Output exactly the lines below, starting with the line that has "Benny Cropped Flare" and going on through the line that has "Flight cases utilitaires", both included, and no other lines.

# Exercise materials
= = = =

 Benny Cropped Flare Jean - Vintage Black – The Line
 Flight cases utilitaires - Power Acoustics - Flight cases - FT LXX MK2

= = = =

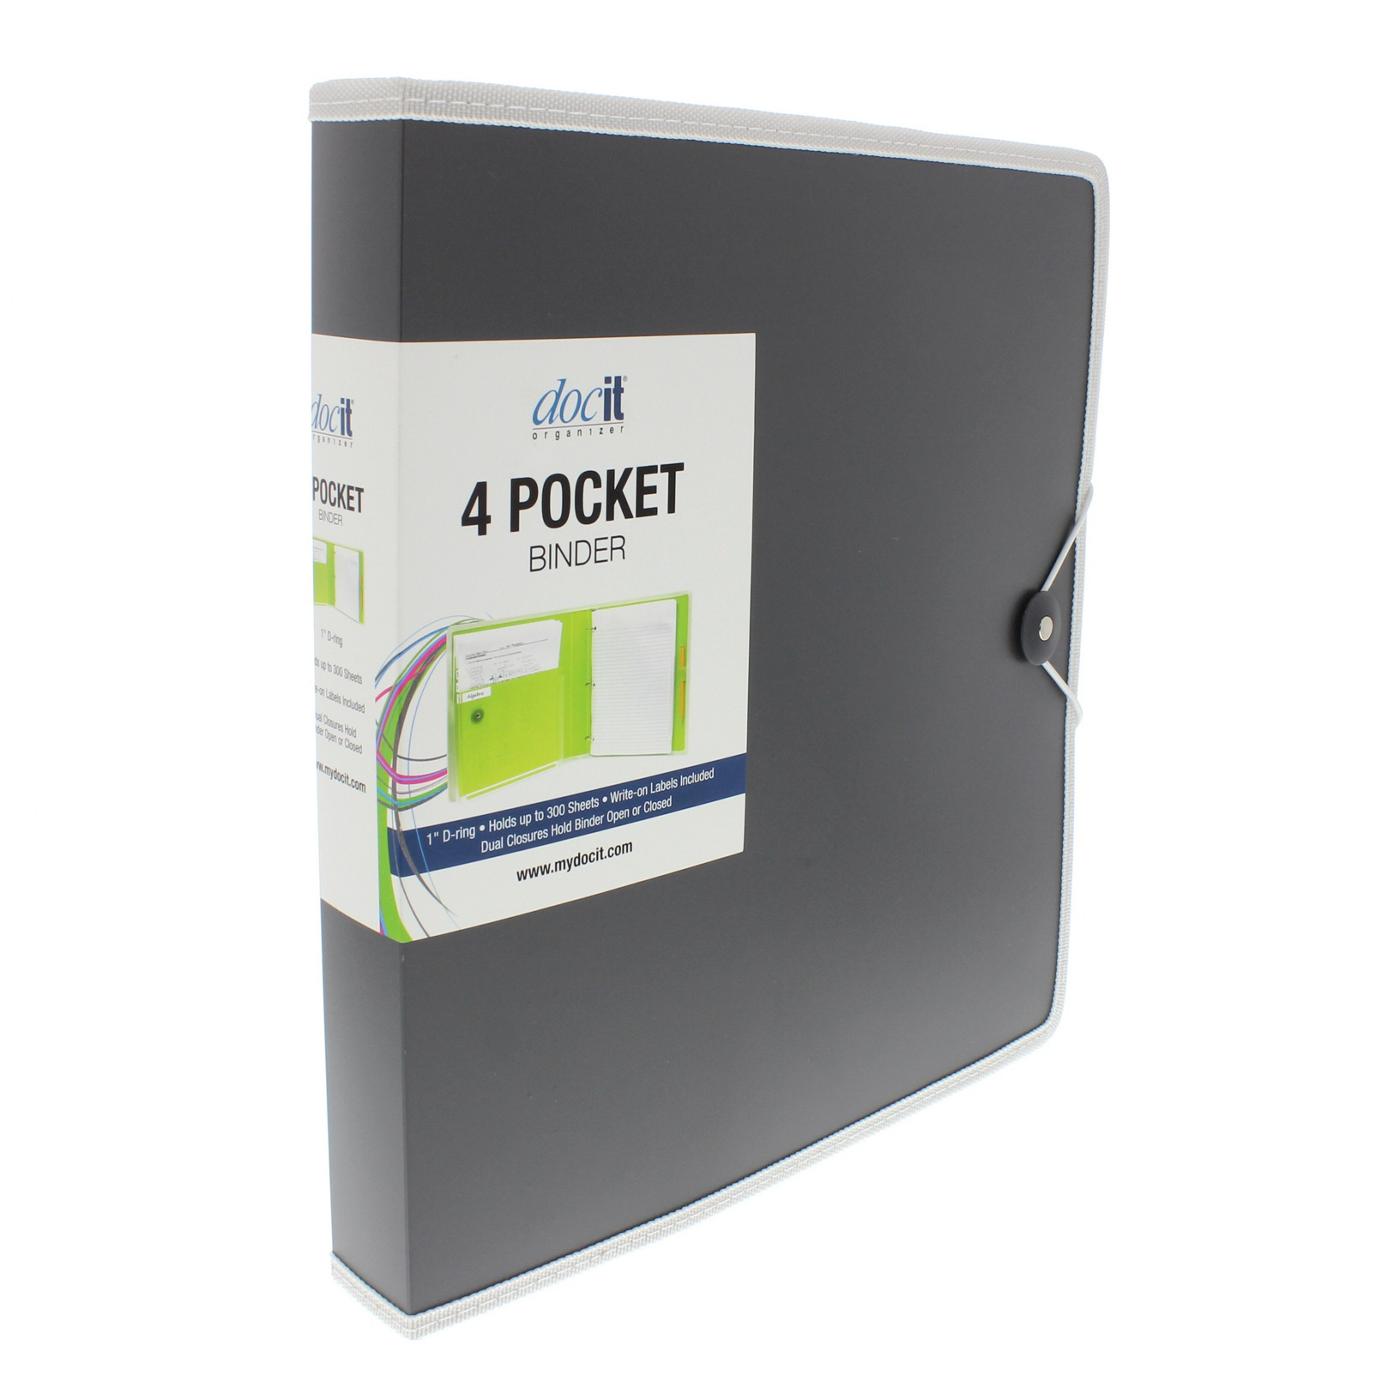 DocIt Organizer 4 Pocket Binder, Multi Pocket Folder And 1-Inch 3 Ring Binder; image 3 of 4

= = = =

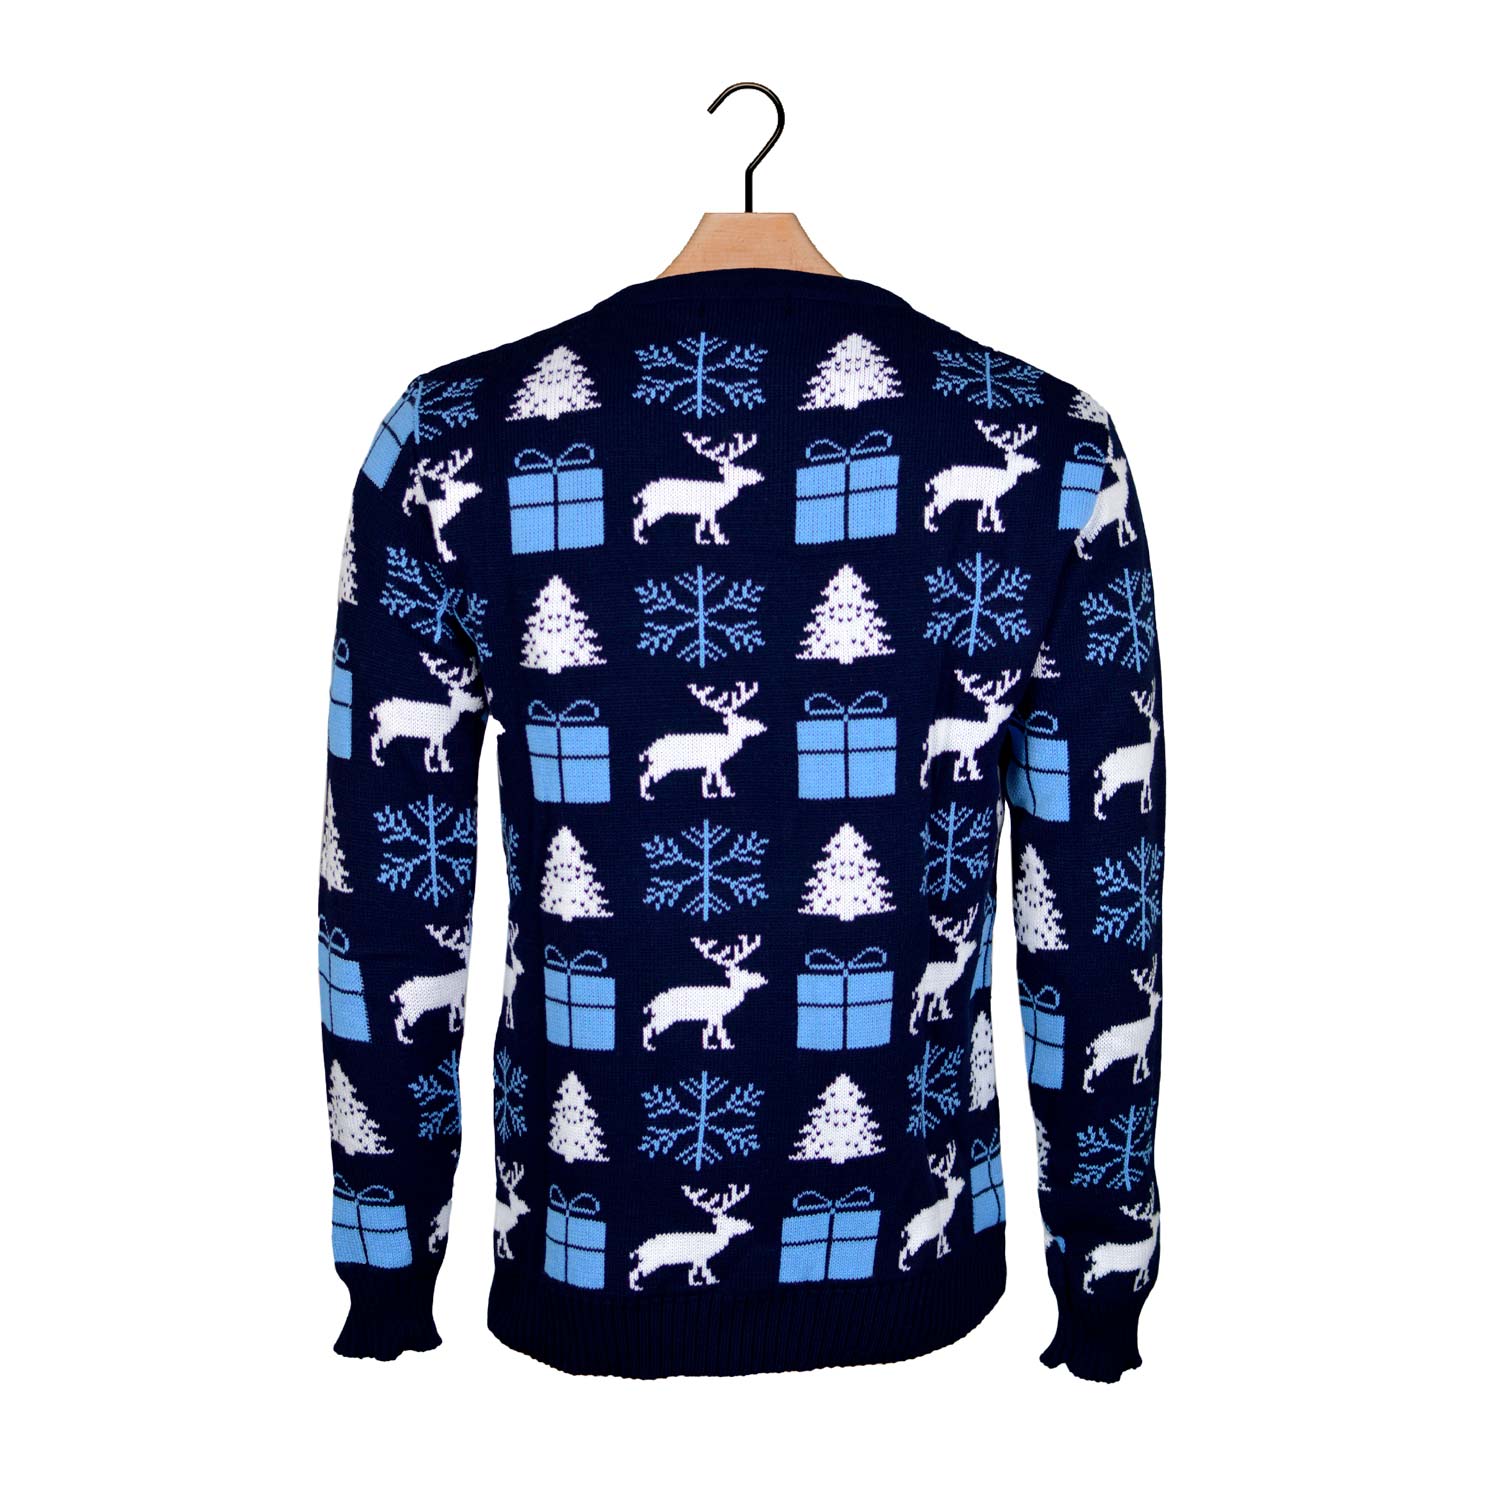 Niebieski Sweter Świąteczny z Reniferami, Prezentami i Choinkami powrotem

= = = =

# Result for this task
 Benny Cropped Flare Jean - Vintage Black – The Line
 Flight cases utilitaires - Power Acoustics - Flight cases - FT LXX MK2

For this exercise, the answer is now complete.